Message boards : ATLAS application : Uploading stuck
Message board moderation

To post messages, you must log in.

AuthorMessage
jelle

Send message
Joined: 26 Sep 11
Posts: 37
Credit: 7,704,455
RAC: 259
Message 40994 - Posted: 18 Dec 2019, 2:01:14 UTC

For the last few days I have upload transfers stuck. Two ATLAS tasks have been trying to upload for at least two days now. The upload file size is only 221 bytes. I have the exact same problem on another computer, so it's probably not just a solution of turning it off and on again. Not having the problem uploading and reporting to other Boinc projects, so it's unique to LHC@home. Any suggestions?
ID: 40994 · Report as offensive     Reply Quote
lazlo_vii
Avatar

Send message
Joined: 20 Nov 19
Posts: 21
Credit: 1,074,330
RAC: 0
Message 40995 - Posted: 18 Dec 2019, 4:01:41 UTC - in response to Message 40994.  
Last modified: 18 Dec 2019, 4:07:29 UTC

First, I would look at your /etc/boinc-client/cc_config.xml and double check the network settings. I am not saying "It isn't plugged in!" but that should be the first question you answer for yourself. If all is good in your config file I would try to manually update the project from the command line in one X terminal while watching the boinc-client messages in another. First open a terminal on (or to) the host and issue:

watch -n1 boinccmd --get_messages


That will terminal will refresh messages from the boinc-client service until you hit ctrl+c to kill watch.

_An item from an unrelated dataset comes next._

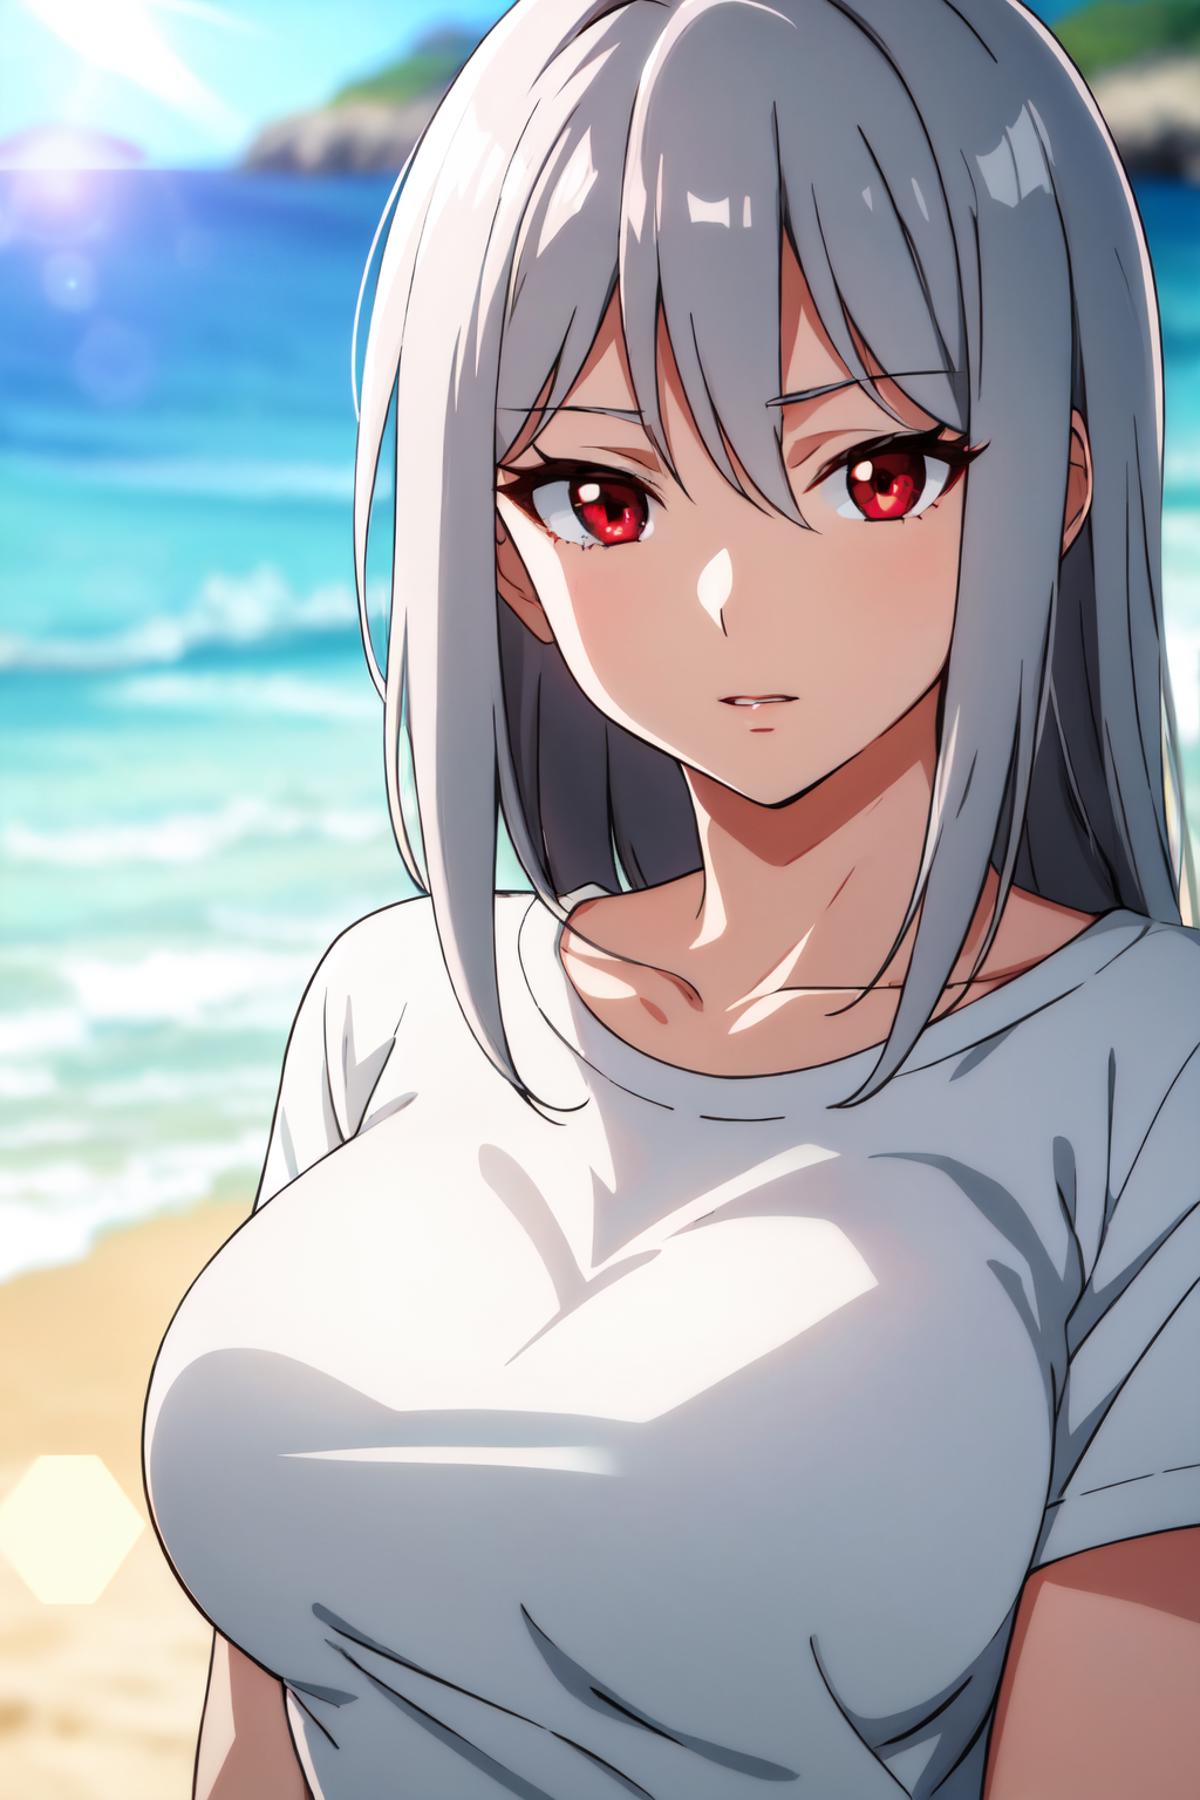 An anime character wearing a white shirt stands near the ocean.

Open a second terminal on (or to) the same host and issue which ever one these two commands matches your configuration:

boinccmd --project https://lhcathome.cern.ch/lhcathome/ update

or
boinccmd --host localhost --passwd <your_password_for_remote_access> --project https://lhcathome.cern.ch/lhcathome/ update


Switch back to the first terminal and read what boinc-client says about updating.

If that doesn't give you useful information you can try looking at /var/log/syslog and reading man nc, man netstat, and man boinccmd for more clues. Router logs might be useful to you as well.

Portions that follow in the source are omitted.